ENJOYING listening to a good tune? Here’s an element that’s about to assault your eardrums and put you right off it.
Saxophone solo
‘What a great song,’ you think, bopping around in the kitchen. And then BAM! An awful parping saxophone solo is suddenly abusing your poor ears, ruining otherwise excellent songs like Just The Two of Us by Bill Withers in an instant. At least George Michael had the decency to put the one in Careless Whisper right at the start to save listeners a nasty surprise.
Long intros
Self-indulgent musicians expect you to sit through an age of noodling before they even start singing. The long, miserable 50 seconds of plodding acoustic guitar before Hotel California just serves to make the rest of the dirge even more unbearable. It should have taught the Eagles that ‘fun to play when you’re coked to the eyeballs’ is not the same as ‘fun to listen to’.
Sex noises
When you’re in the car with your parents, the last thing you want on the radio is a song featuring the sounds of simulated shagging. There are plenty of them though, from Madonna’s Justify My Love to Hot in Herre by Nelly. Even the boomers’ favourites Fleetwood Mac, who you’d think you’d be safe with, did it in Big Love. Maybe that’s why your folks like them so much.

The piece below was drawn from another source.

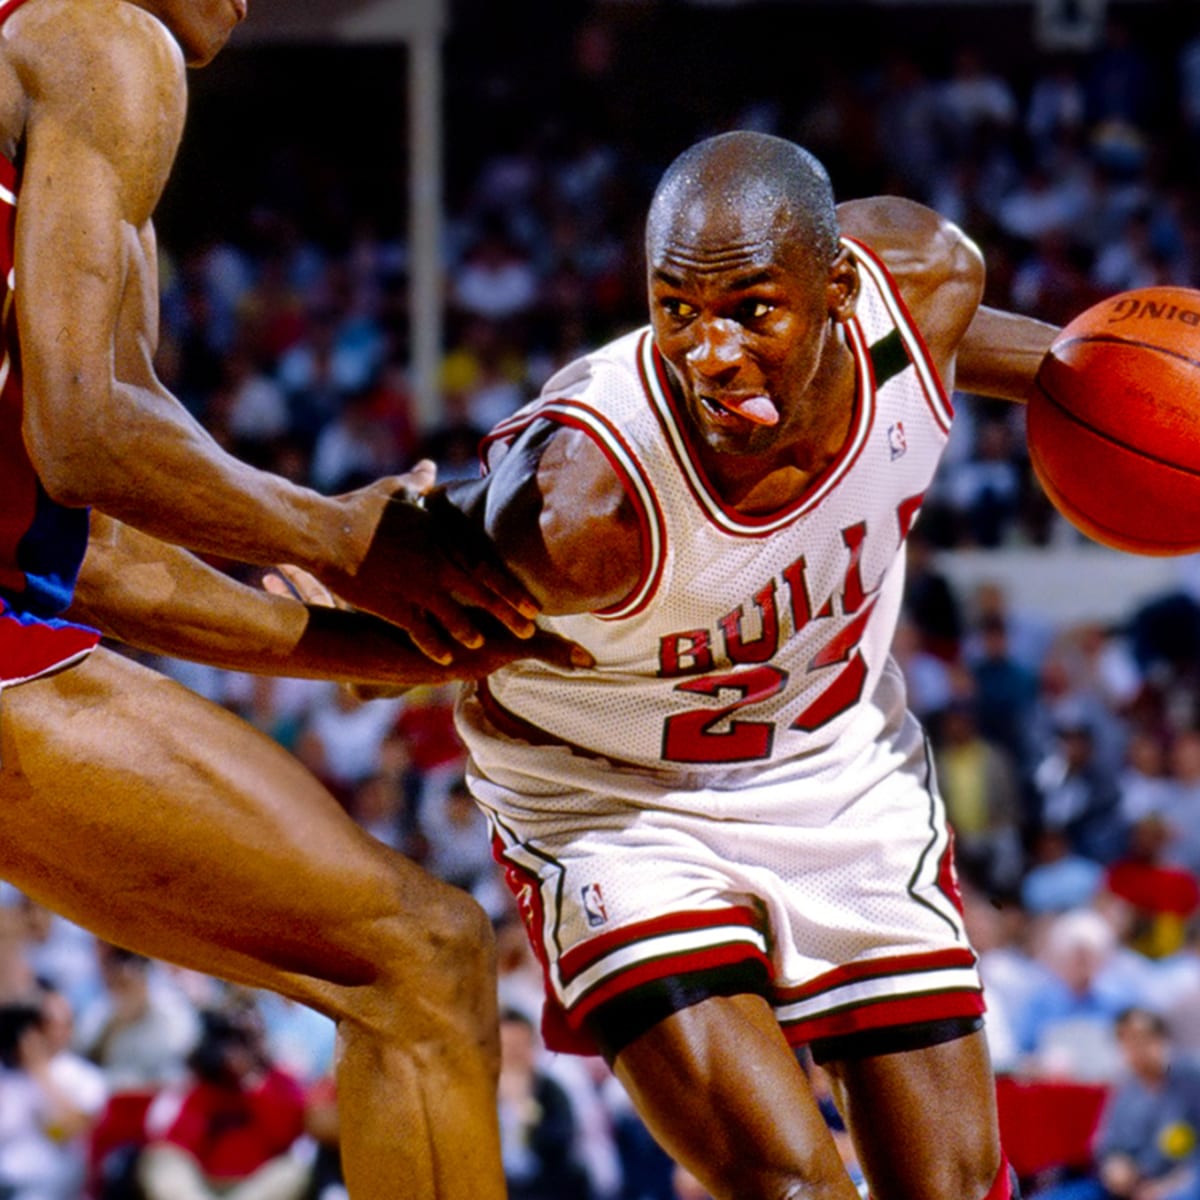 Who are the greatest Bulls players of all-time?

You wish they’d stuck to tunes about seabirds.
Too much vocal fry
Ariana Grande, Katy Perry, Rihanna and Enrique Iglesias are all guilty of going hard on the vocal fry, but Britney Spears is the worst offender by far. Barely singing at all, she creaks and rasps her way through her songs in a way that sounds less like a pop chantress and more like a rarely-oiled shed door banging in the wind.
Extraneous rap verse
Written a trite pop song and want to add some urban grittiness? Get a hip-hop star in to do a rap. Unfortunately, having someone ramble over your already-bad song only tends to make it worse, as anyone who has had the misfortune to experience Maroon 5’s Girl Like You featuring Cardi B will confirm.